Çünkü sağlam ölmek için bu çağda, hasta yaşamak gerektiğini, sılasız gurbet türküsü dinlenmeyeceğini belletti bana. Maskesiz yaşamanın savaşların en çetini olduğunu, uygarlığın her kıtaya en kısa sürede ölüm ihraç edebilecek kadar ilerlediğini söyledi.
Değişimi en iyi ölülerin anlatabildiğini, tevhid bilincini eyleme dönüştüren insanın, yenilgisi olmayan bir savaşa çıktığını … ve hakikate dair damıtılmış nice cümleyi kayda geçirdi.
Bu itibarla şükür ki benim dostum kendileri!
Uzun yıllara sârî dostluğumuz, zamanımıza şahitlik oldu bir anlamda. Bir ağabey, bir yol arkadaşı, bir dost. Bir şair, bir düşünür, derdin derman olduğunu belleten bir ahir zaman muallimi.

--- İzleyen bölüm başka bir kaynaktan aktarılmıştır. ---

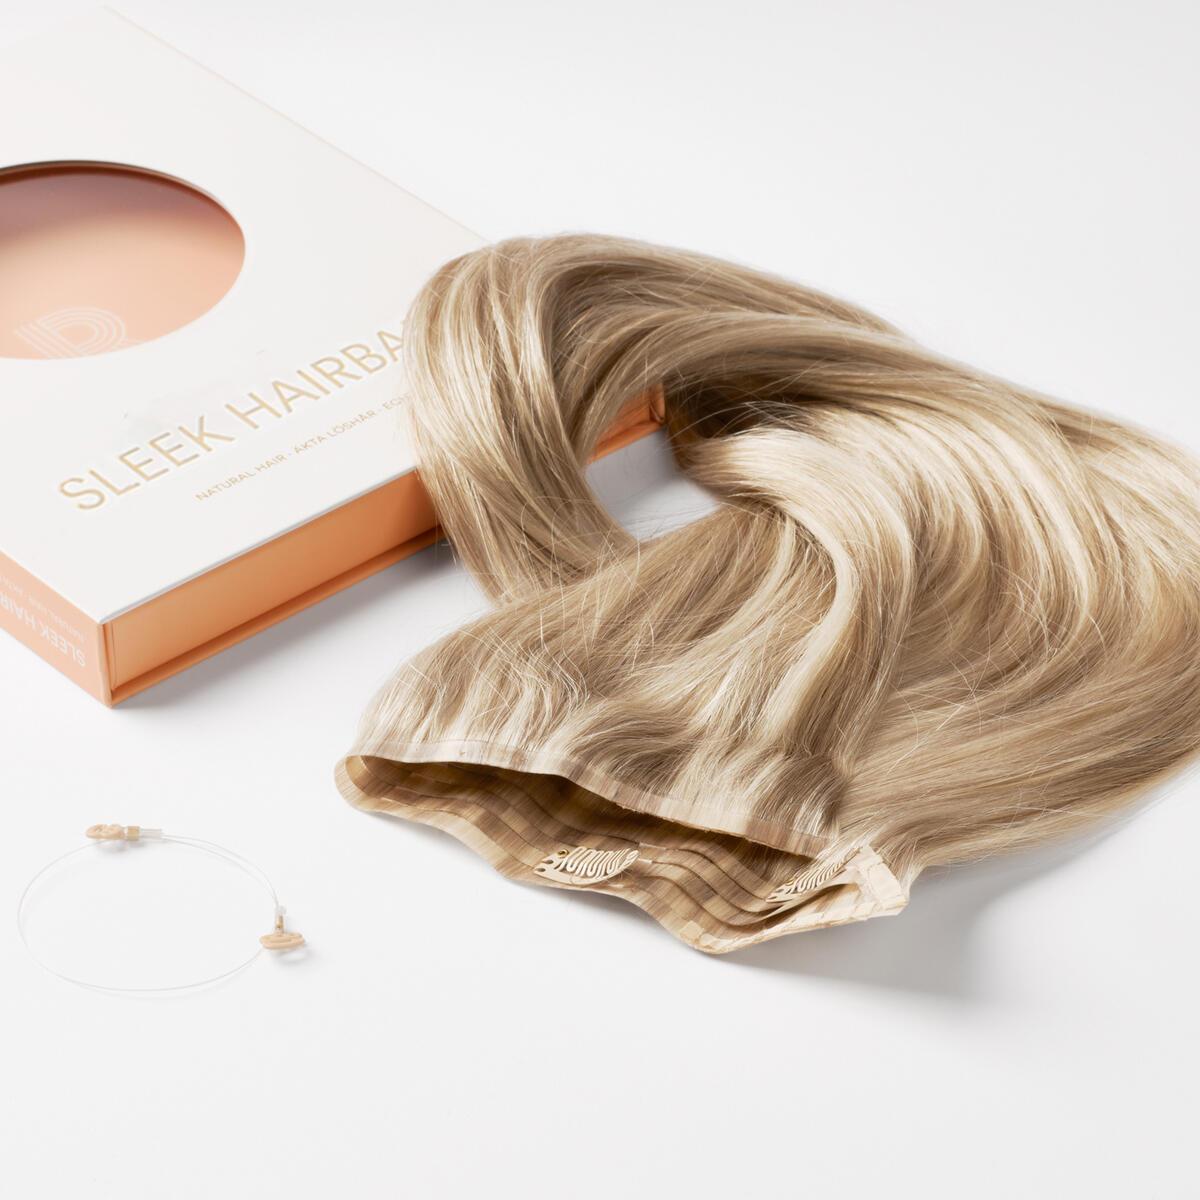 Sleek Hairband M7.3/10.8 Cendre Ash Blonde Mix 50 cm

Bir kez daha o anlatsın kimilerine, anlatmaktan aciz kaldıklarımızı:
“…biz yürüdük. Ah! Söyletmeyin çocuklar, biz içinden hüzün akan günlerle kırklanıp büyüdük.
Şarkını hafızanda tutabilir misin? Kıvranırken altın perçemli çocuk acıyla, yanından sıyrılıp kaçabilir misin? Biz en çok açmayan çiçekler için ağladık. Hiç durmadan, sabah akşam demeden aynalara baktık. Sorular sorduk, başkaları sormadan daha. Hep bir suç aradık.

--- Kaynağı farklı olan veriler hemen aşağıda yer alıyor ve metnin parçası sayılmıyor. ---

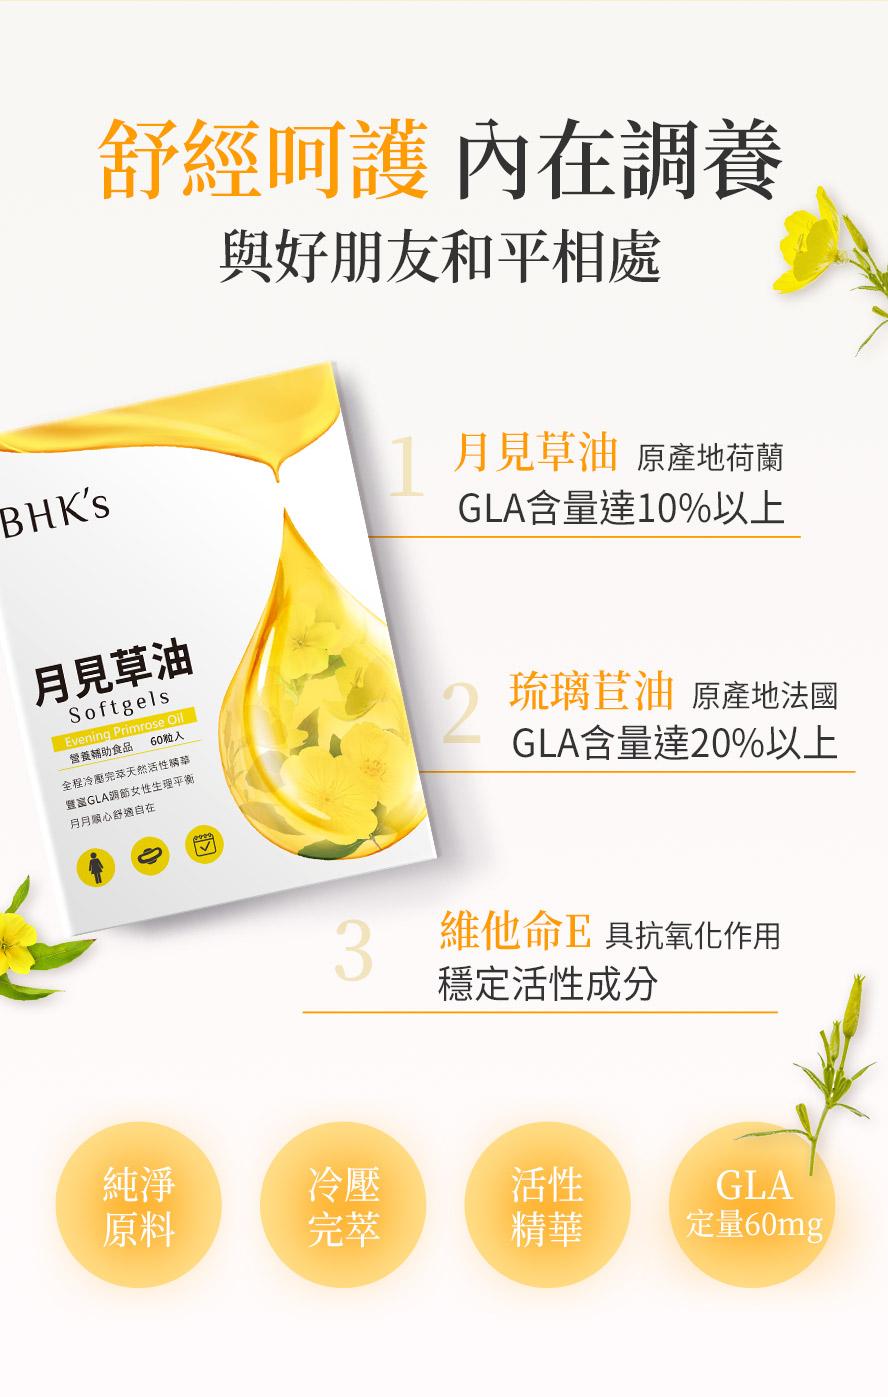 BHK月見草油,嚴選歐洲月見草與琉璃苣,經冷壓萃取保留活性GLA,可改善女性經痛/生理不適問題。

Zindanlar anladı. Dağlar tesbihte daim, okyanuslar sırrımızı sımsıkı sarmalayıp sakladı.
Bir tek onlar anlamadı”.
Böyle yazdı “Sensizliği Bilmiyorlar”da.
“Hüznün ev sahibi olduğu”nu kaydetmişse de “kiracı”lığa talip olduğumuzu beyan edelim yeri gelmişken. Zira nice günler ve geceler boyunca o “bildiği ve hiçbir kulağa değmemiş şarkı”yı ısrarla saklasa da arada bir mırıldandığı seslerden duymuşluğumuz vardır.
Sesi yükseltmeden de sözü yükseltebilen, sustuğunda da çok şey söyleyebilen nadir adamlar var. Onlardan birisidir benim dostum.
Ona onun kaleminden, işlediği cürümleri hatırlatmak isterim yine de:
“Suç duyurusu yaptılar adına
Ülkeye gizlice gül taşımışsın
Gökyüzünü çizmişsin kalın surlara
Sırtında nehirler şehre varmışsın”
…
Birçoğumuza göre önde başlamış hayata. Erken yaşlarında dağları, ovaları, ağaçları, gökyüzünü, yıldızları, kuzuları… tanımış. Kendi ifadesiyle “ağacın kitaba dönüşmeden de okunabileceğini” fark etmiş, kentin insanı tüm bu olan bitenlerin farkında değilken.
Sonra İstanbul yılları…
Dostluğumuzun başladığı “Selam” çocuk dergisi ve sesli yayıncılık. Devasa yangınlara bardaklarla su taşıma telaşımız. Anadolu’ya köşe bucak hicret ezgileri, Medine haberleri göndermek için nöbetler. Söylediği gibi:
“…dünya çok uzaklarda, küçük muamma. Anlamlar üstümüze akan ahtapot volkanı, dizlerimizde çatırtılar ve direncin benzersiz varoluşu. Yoruldukça nasıl da güçleniyoruz” ama!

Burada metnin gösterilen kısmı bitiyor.